Dell EMC VxRack SDDC:  One or more PCPUs didn't perform a heartbeat check for 7 seconds

           

   Article Number:     533496                                   Article Version: 4     Article Type:    Break Fix 
   

 


Product:

 

VxRack SDDC 14G-1

 

Issue:

 

 

Dell EMC VxRack SDDC:  One or more PCPUs didn't perform a heartbeat check for 7 seconds   
   
    PCPU   
   
    VxRack SDDC 5.1.2   
    Customer seeing multiple servers reporting these messages, and usually causes latency in the VSAN.   
   
   
    VMKernel.log   
    2019-02-27T02:04:33.891Z cpu0:121761)WARNING: Heartbeat: 498: One or more PCPUs didn't perform a heartbeat check for 7 seconds.   
    2019-02-27T02:06:38.049Z cpu0:97381)WARNING: Heartbeat: 498: One or more PCPUs didn't perform a heartbeat check for 7 seconds.   
    2019-02-27T02:08:00.822Z cpu0:66618)WARNING: Heartbeat: 498: One or more PCPUs didn't perform a heartbeat check for 7 seconds.   
    2019-02-27T02:08:42.208Z cpu0:67130)WARNING: Heartbeat: 498: One or more PCPUs didn't perform a heartbeat check for 7 seconds.   
    2019-02-27T02:10:04.980Z cpu0:67959)WARNING: Heartbeat: 498: One or more PCPUs didn't perform a heartbeat check for 7 seconds.
                                                           

 

 

Cause:

 

 

PowerEdge 14G BIOS issue.   
    https://www.dell.com/support/home/us/en/19/Drivers/DriversDetails?driverId=MGGKF&osCode=wst14&productCode=poweredge-r640   
   
    BIOS takes a long time to handle correctable memory errors. The new BIOS will respond to correctable memory errors in a better way.
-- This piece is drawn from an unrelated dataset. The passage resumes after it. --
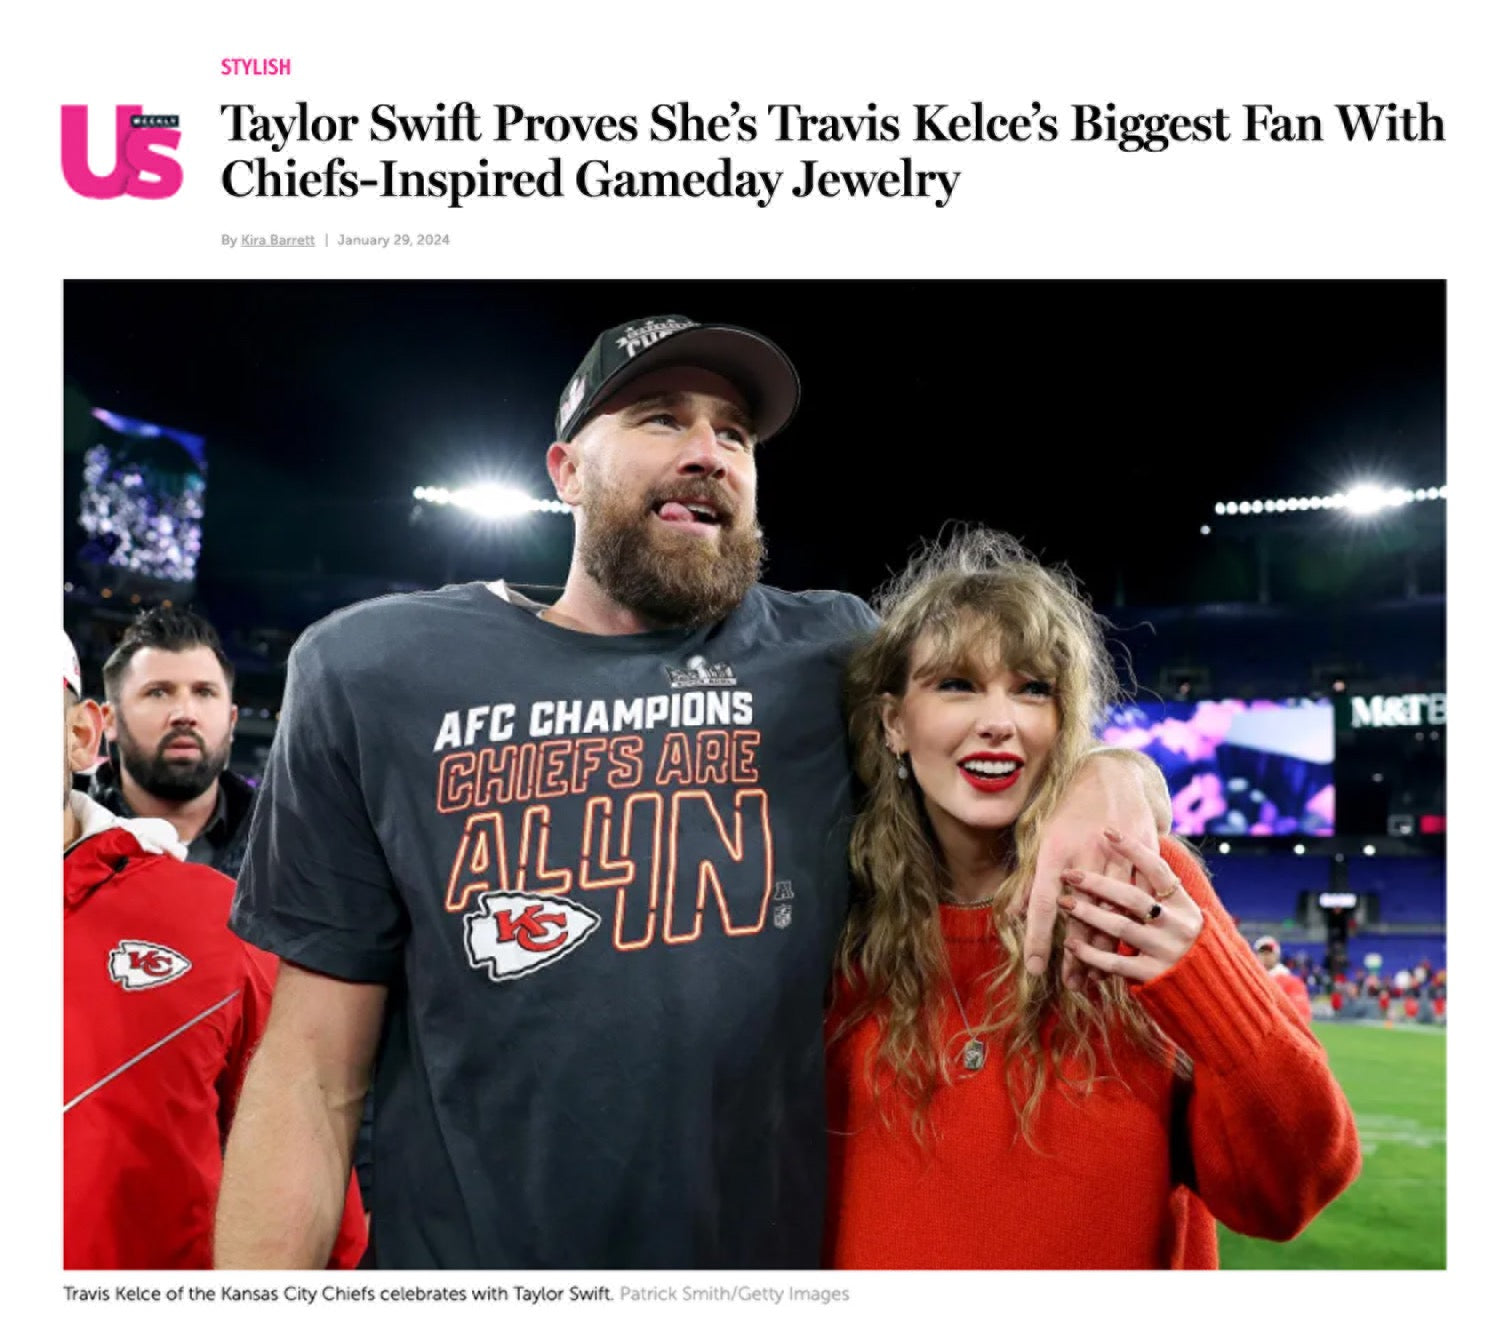 US Weekly | Taylor Swift Proves She’s Travis Kelce’s Biggest Fan With Chiefs-Inspired Gameday Jewelry | Kira Barrett
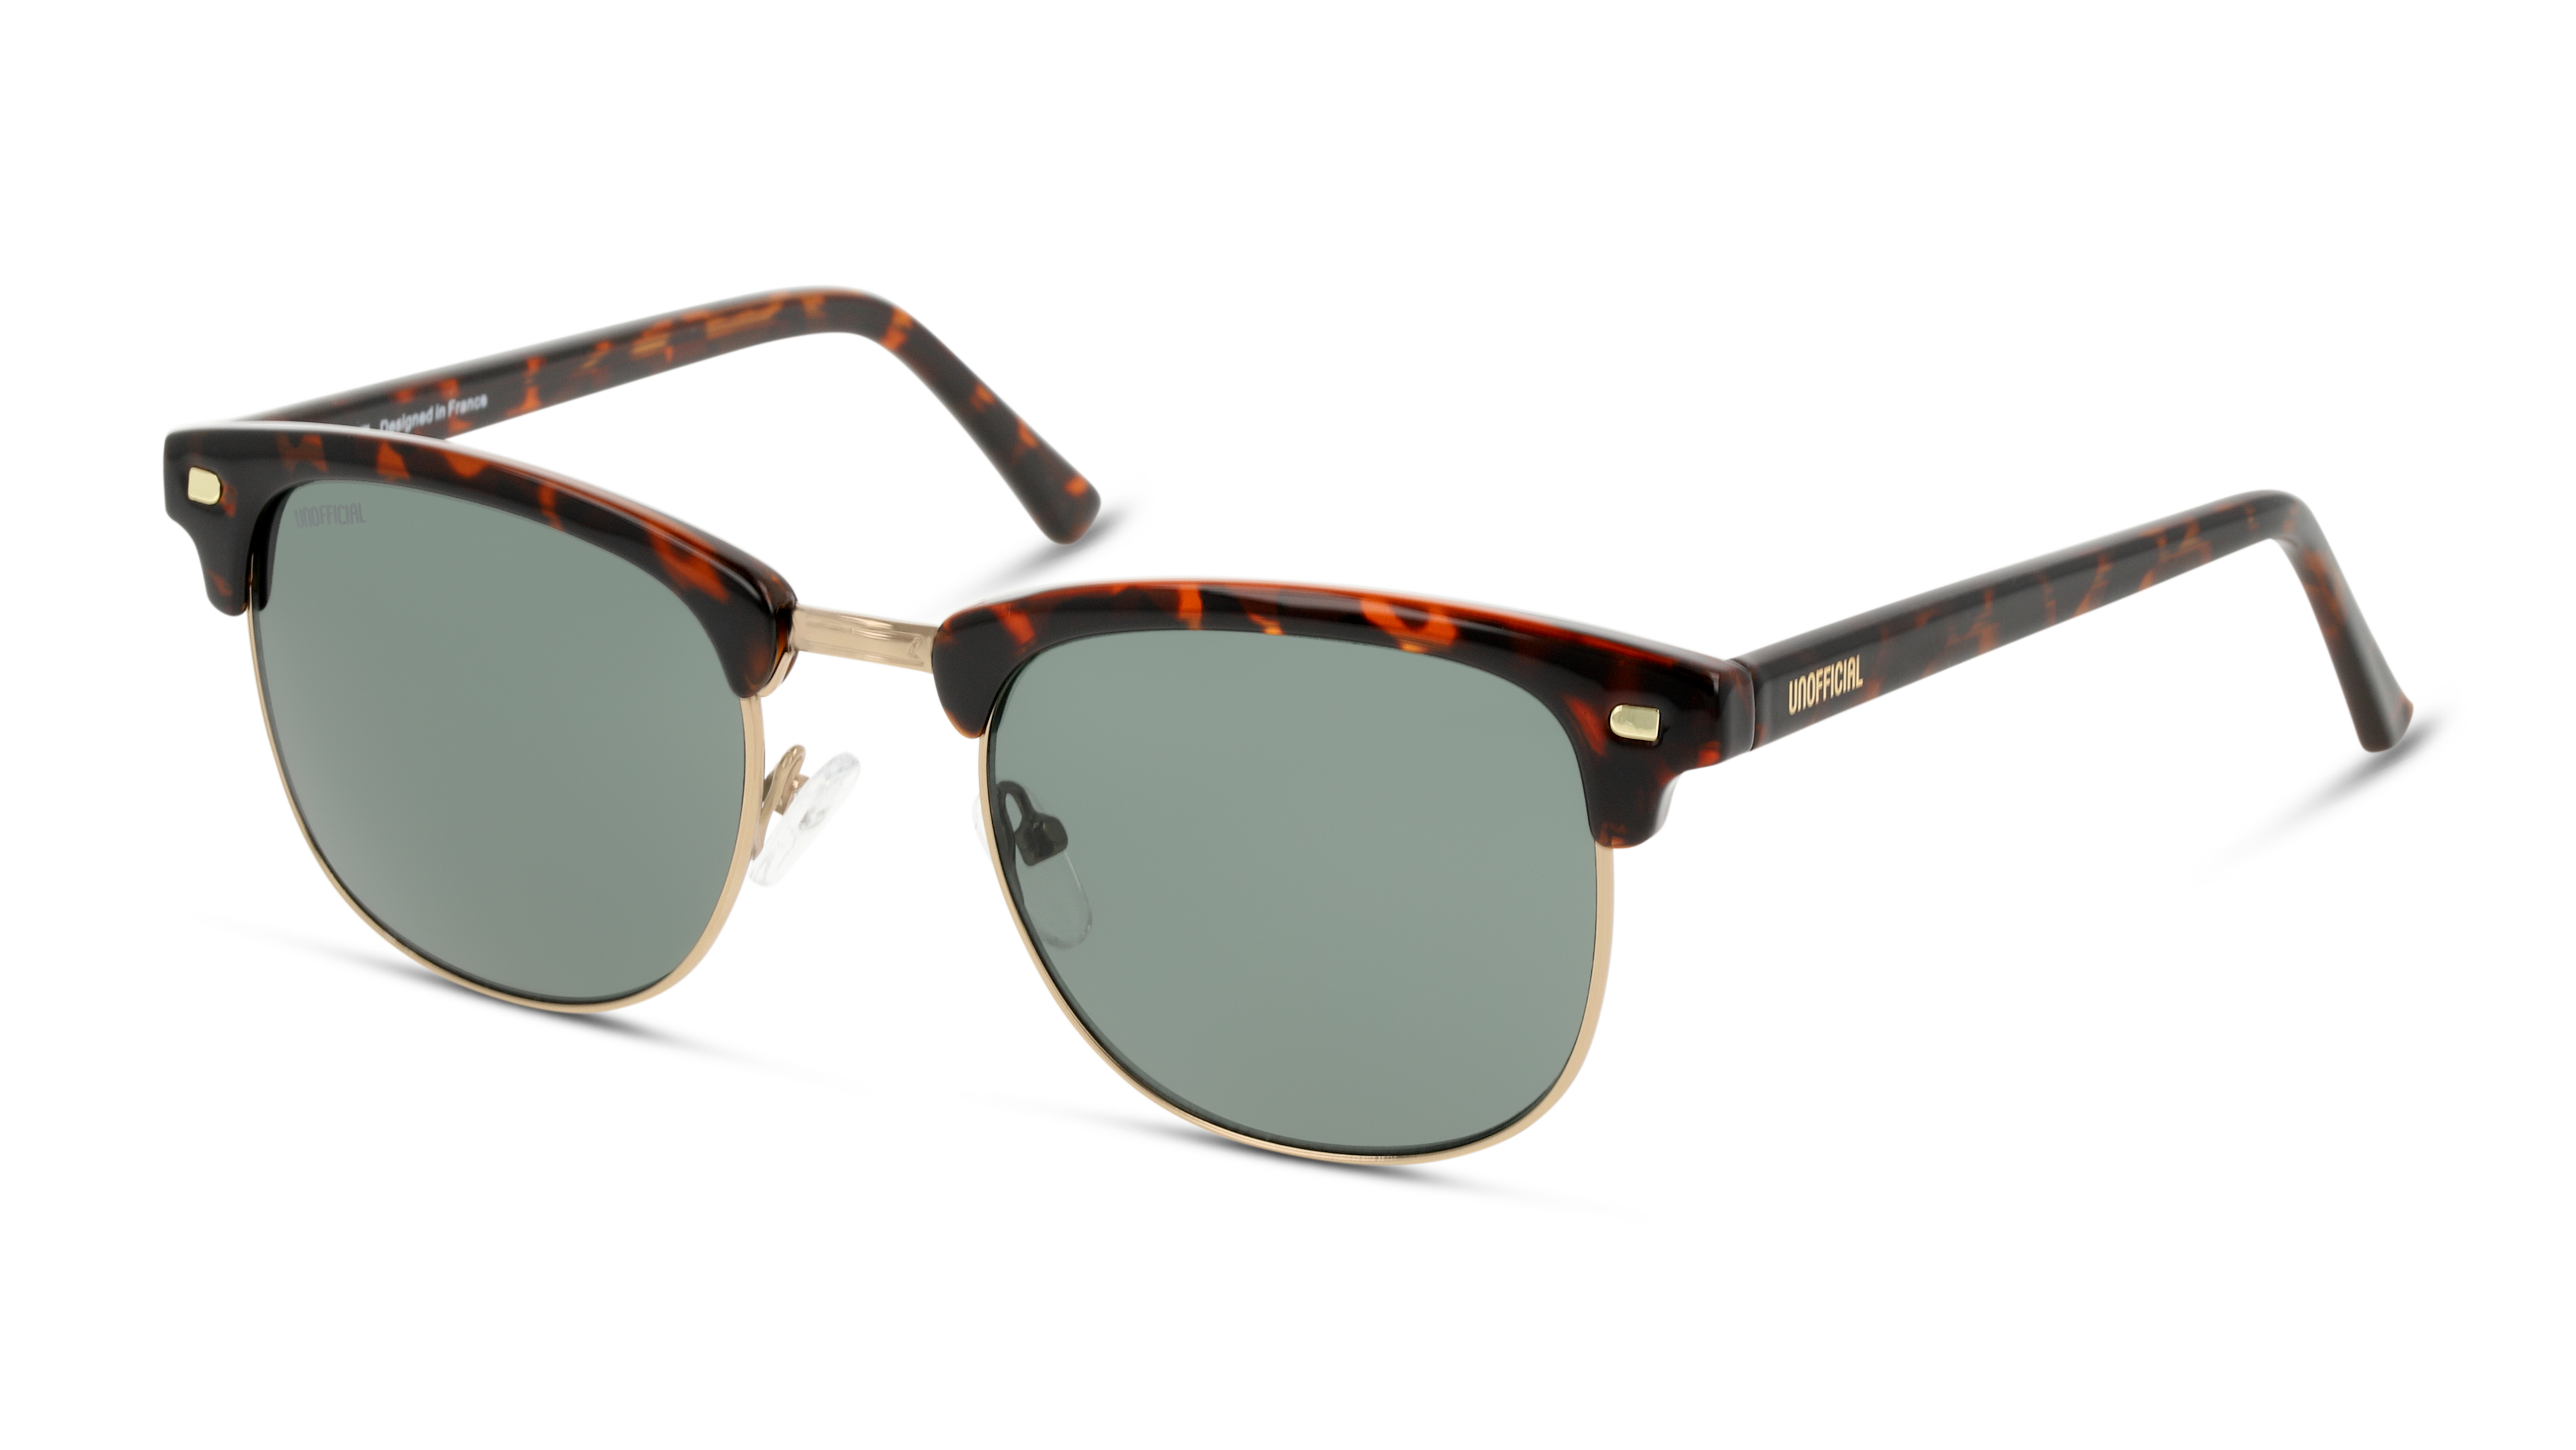 Angle_Left01 Unofficial UNSM0101 (DHE0) Sunglasses Green / Gold

We believe at the moment the server BIOS is not handling the ECC error, and waiting. 
                                                           

 

 

Resolution:

 

 

Dell EMC recommends upgrading the RCM to 5.1.4 which includes BIOS 1.4.8.    
   
     
                                                           

 

 

Notes:

 

 

Note there are 2 x fixes in this BIOS update that Dell HW Engineering believe resolves this issue.   
   
    1. Enhanced the Correctable ECC memory error detection and logging feature. (2.1.6 and forward)   
    2. Updated the Intel Xeon Processor Scalable Family Processor Microcode to version 0x43.